Fray Fernando guessed the reason for this request. Men did not usually come back from such excursions as Don Ramon's with clean hands. He naturally would find it easier to pour the tale of his sins into the ears of a stranger whose face he might never see again, than to lay it bare for the inspection of one whose accusing eye might meet his too often, and with too much meaning for his peace. The monk granted his desire, all the more readily because the morrow happened to be a saint's day—the festival of St. Joseph. The matter settled, Fray Fernando speedily quitted a scene of coarse revelry that had no charms for him.
Late as it now was, he could not sleep. But sleeplessness was no new thing with him; in broken rest he was growing continually worse. Too often did he spend the long silent hours of the night in living over the past—a record not to be dwelt on without keen and bitter anguish. At times, when sleep overcame him, he would start in terror at hideous forms and faces that seemed to stand before him. One especially, a face familiar and loved in early youth; but pale, distorted, and with strange fear and horror in dilated eyes. In truth, of late, since his coming to Cerro Blanco, a change had passed over him that cost him many a cold and secret shudder. Sometimes these visions haunted him when not asleep. Sometimes, while sitting with eyes open, and senses all awake, they drew near—they seemed to come within his grasp—and then would vanish—how and whither he could not tell. Even in the solitary mud-cabin called his cell from habit, he never felt alone, and least of all at night.
In order to banish these "temptations of the evil one" (as he called them), he tried fasting. This only aggravated the symptoms of his malady. He tried prayer—still they came. But his prayer was not real prayer; it was merely the repetition of a form,—a shadow, a lifeless thing.

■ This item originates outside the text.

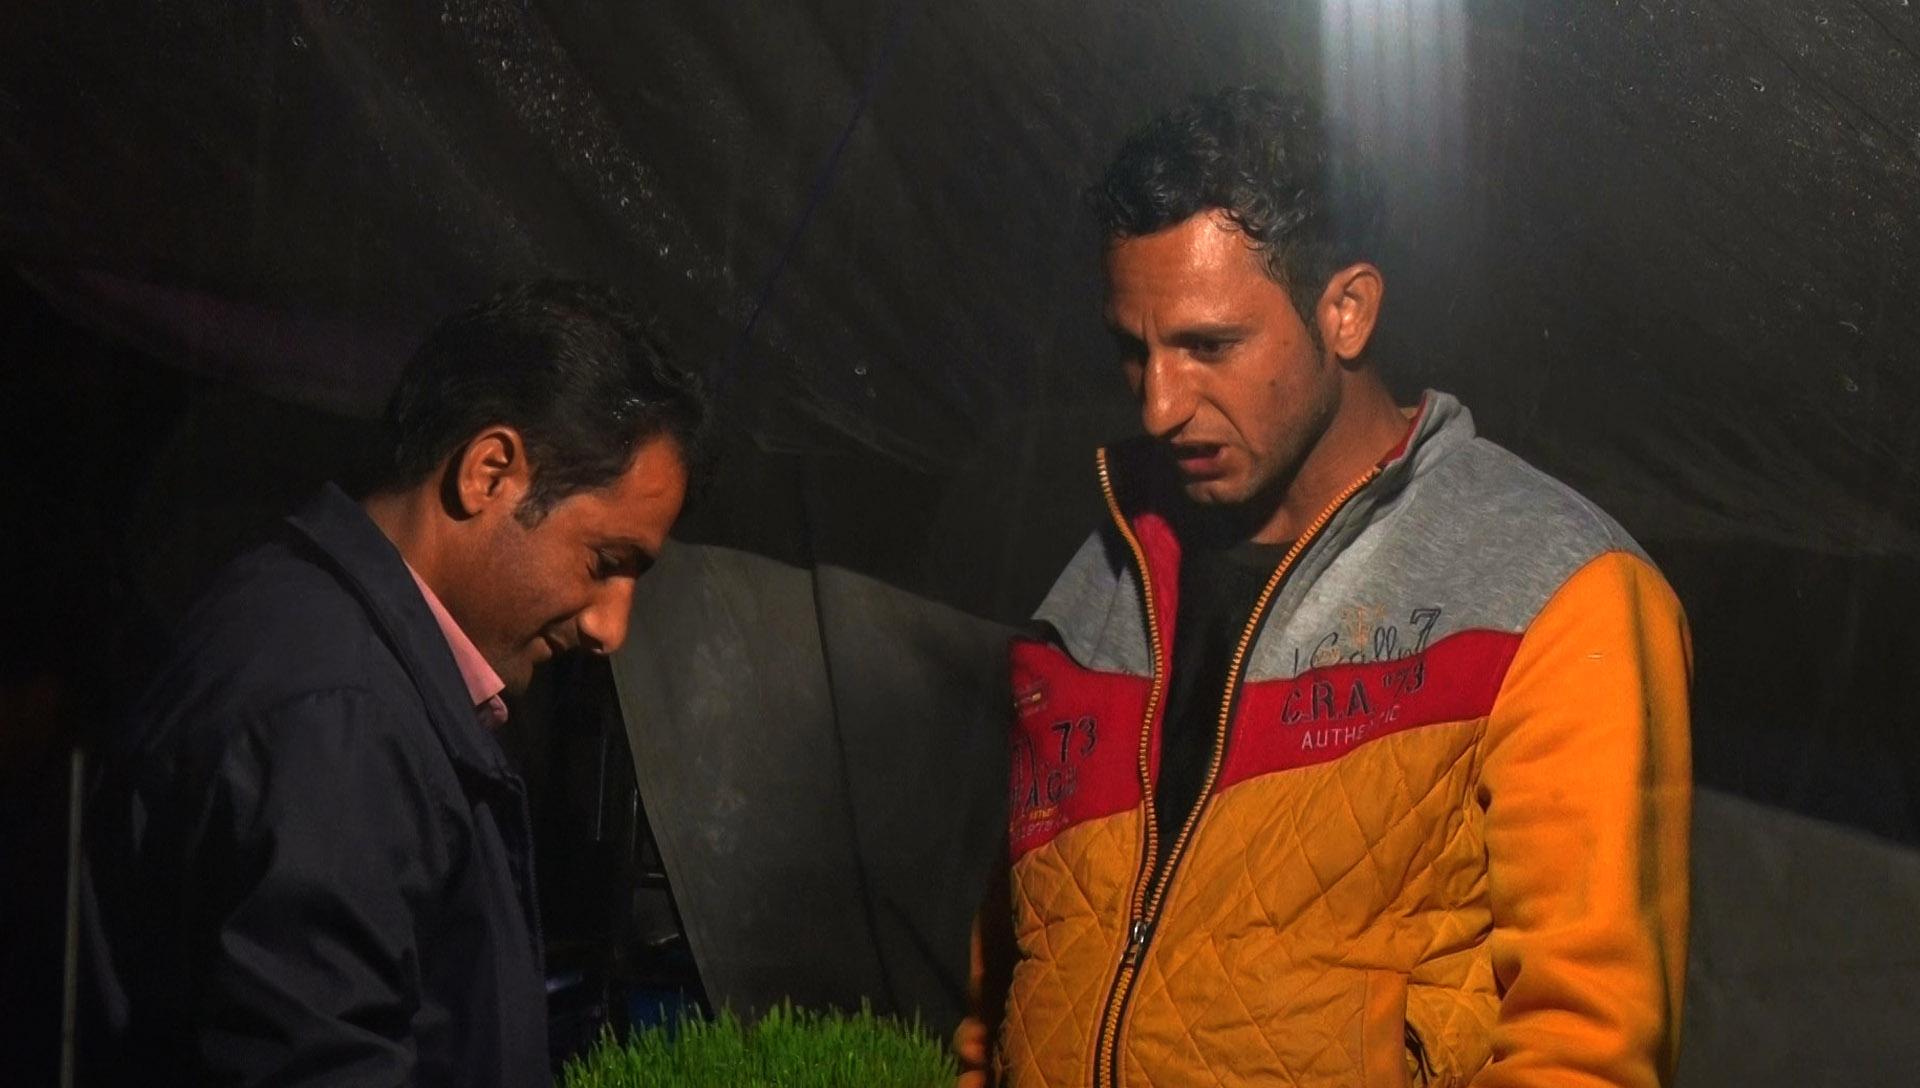 عکس از مستند سیاه زخم 02

And yet, sometimes, prayer and fasting gave relief—relief that almost grew to ecstasy. He dreamed that other visions might one day come—visions of glory, not of terror. Sinful as he was, such grace might be given him—and on some blessed day the white wings of angels might suddenly descend, and sweep away the demon host that pursued and tortured him.
Fray Fernando now stood at a place where two ways met. One of two destinies awaited him: either to become a saint, after Rome's most approved pattern, or—to become insane.